2 Inductive reasoning (inferential reasoning):
A mode or process of thinking that is part of the scientific method and complements deductive reasoning and logic. Inductive reasoning starts with a large body of evidence or data obtained by experiment or observation and extrapolates it to new situations. By the process of induction or inference, predictions about new situations are inferred or induced from the existing body of knowledge. In other words, an inference is a generalization, but one that is made in a logical and scientifically defensible manner. Oxford Dictionary of Forensic Science 130 (Oxford Univ. Press 2012).
3 As used in this document, the term ‘uniqueness’ means having the quality of being the only one of its kind.’ Oxford English Dictionary 804 (Oxford Univ. Press 2012).
34 See Memorandum from the Attorney General to Heads of Department Components (Sept. 9. 2016), https://www.justice.gov/opa/file/891366/download.

1

Are the two or three conclusions -- identification, exclusion, and inconclusive -- the only way the examiners are allowed to report their results?

In much of the world, examiners are discouraged from reaching only two conclusions--included vs. excluded (with the additional option of denominating the data as too limited to permit such a classification). They are urged to articulate how strongly the data support one classification over the other. Instead of pigeonholing, they might say, for example, that the data strongly support the same-source classification (because those data are far more probable for ammunition fired from the same gun than for ammunition discharged from different guns). 

The ULTR studiously avoids mentioning this mode of reporting. It states that examiners "may provide any of the following ... ." It does not state whether they also may choose not to -- and instead report only the degree of support for the same-source (or the different-source) hypothesis. Does the maxim of expressio unius est exclusio alterius apply? Department of Justice personnel are well aware of this widely favored alternative. They have attended meetings of statisticians at which straw polls overwhelmingly endorsed it over the Department's permitted conclusions. Yet, the ULTR does not list statements of support (essentially, likelihood ratios) as permissible. But neither are they found in the list of thou-shalt-nots in Part IV. \3/ Is the idea that if the examiners have a conclusion to offer, they must state it as one of the two or three categorical ones -- and that they may give a qualitative likelihood ratio if they want to?

2

Is the stated logic of a "source identification" internally coherent and intellectually defensible?

The ULTR explains that "[t]he basis for a 'source identification' is

an examiner’s opinion that the observed class characteristics and corresponding individual characteristics provide extremely strong support for the proposition that the two toolmarks originated from the same source and extremely weak support for the proposition that the two toolmarks originated from different sources.

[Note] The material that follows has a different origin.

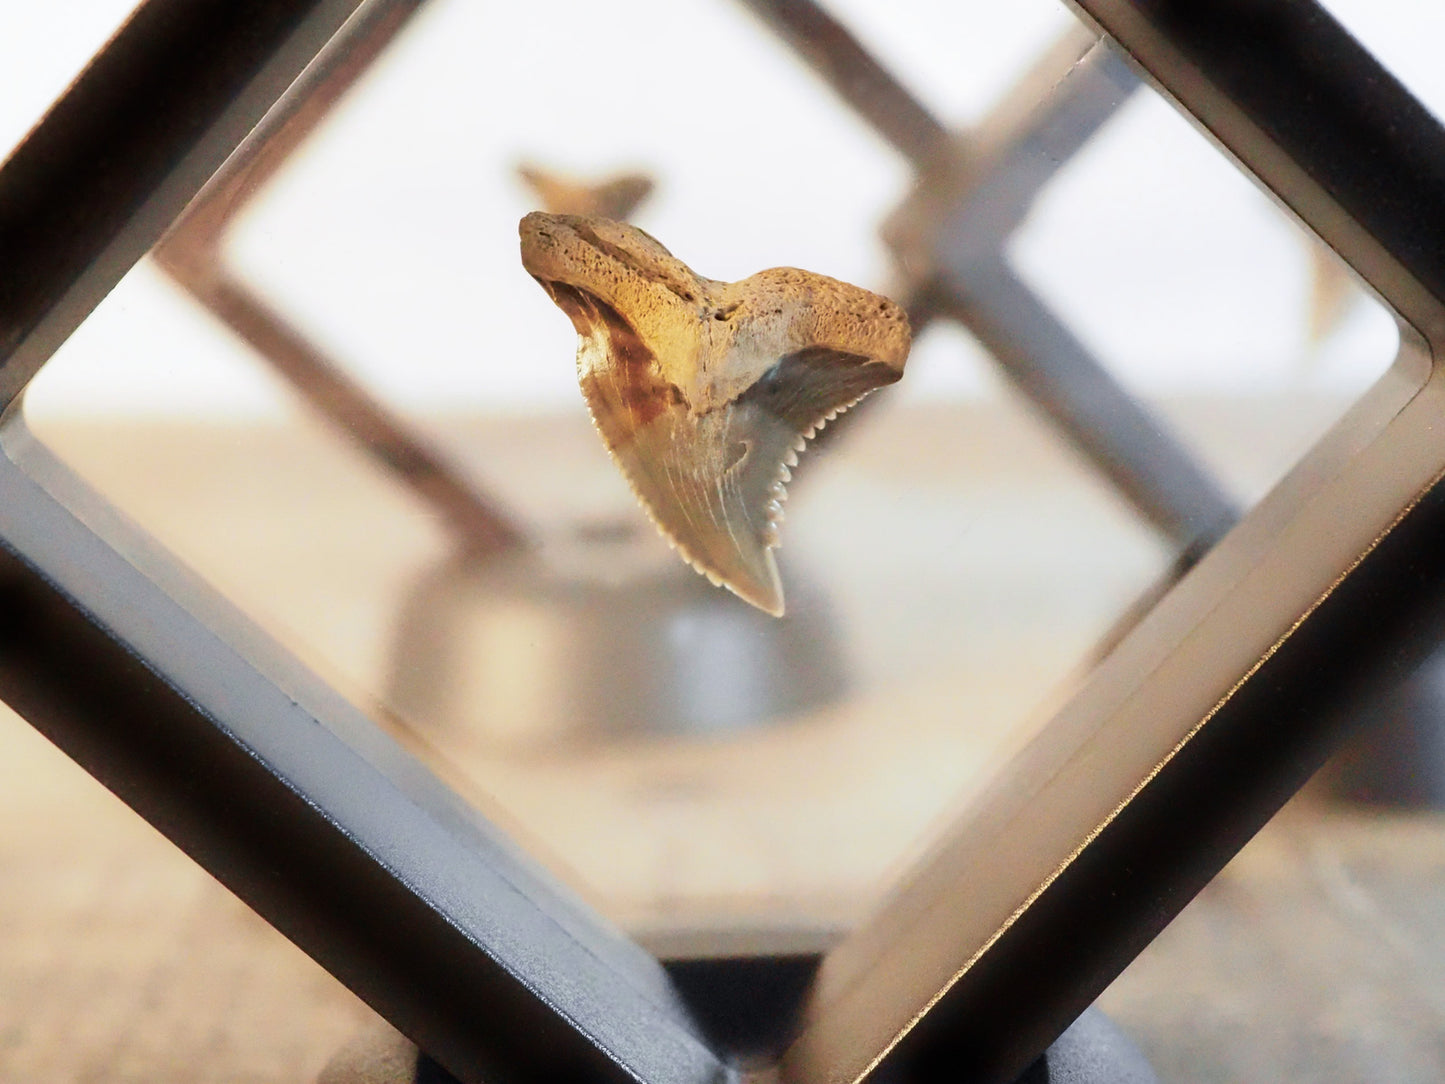 Hemipristis Serra Fossilized Shark Teeth in Floating Frames

Translated into likelihood language, the DoJ's "basis for a source identification" is the belief that the likelihood ratio is very large -- the numerator of L is close to one, and the denominator is close to zero (see Box 2).

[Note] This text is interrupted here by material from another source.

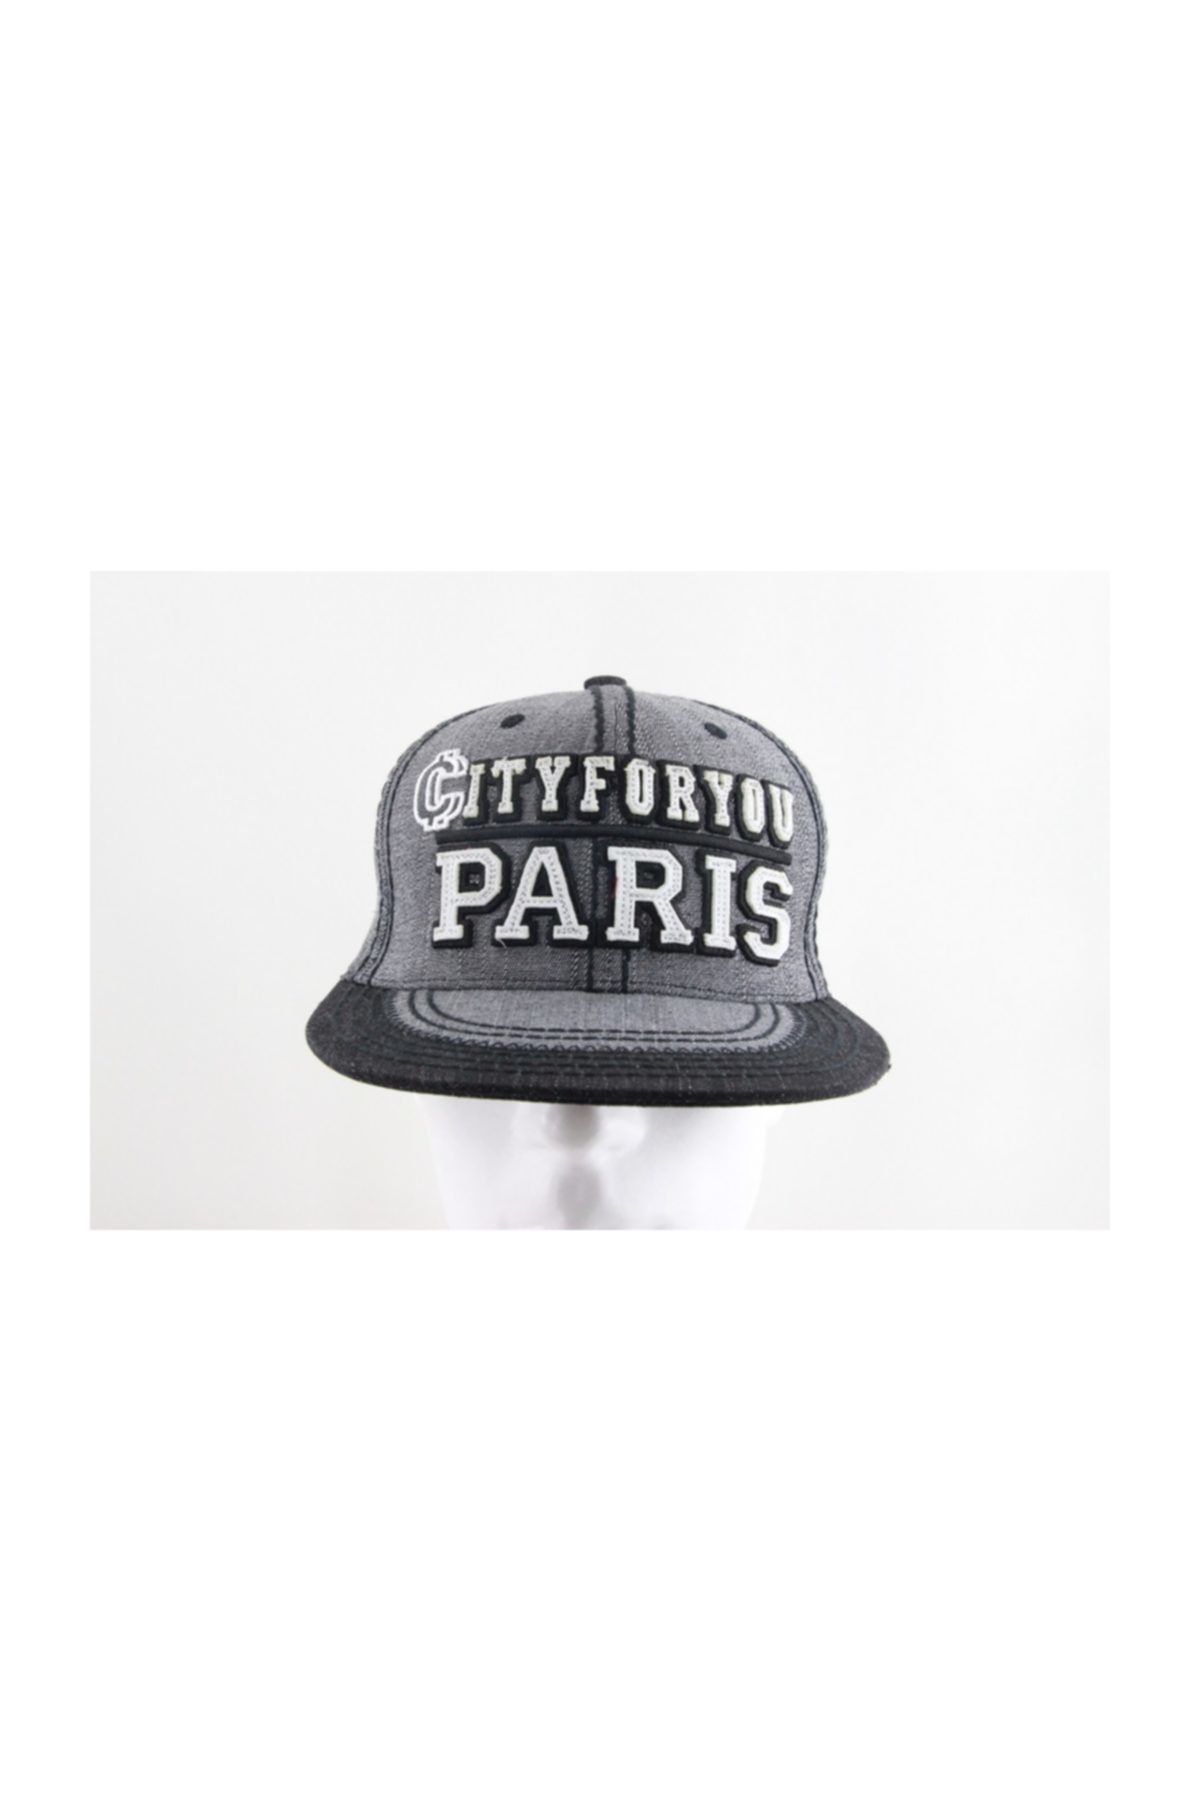 Fonem City Paris Pamuklu Unisex Hiphop Cap Şapka Siyah

On this understanding, a "source identification" is a statement about the strength of the evidence rather than a conclusion (in the sense of a decision about the source hypothesis). However, the next paragraph of the ULTR states that "[a] ‘source identification’ is the statement of an examiner’s opinion (an inductive inference2) that the probability that the two toolmarks were made by different sources is so small that it is negligible."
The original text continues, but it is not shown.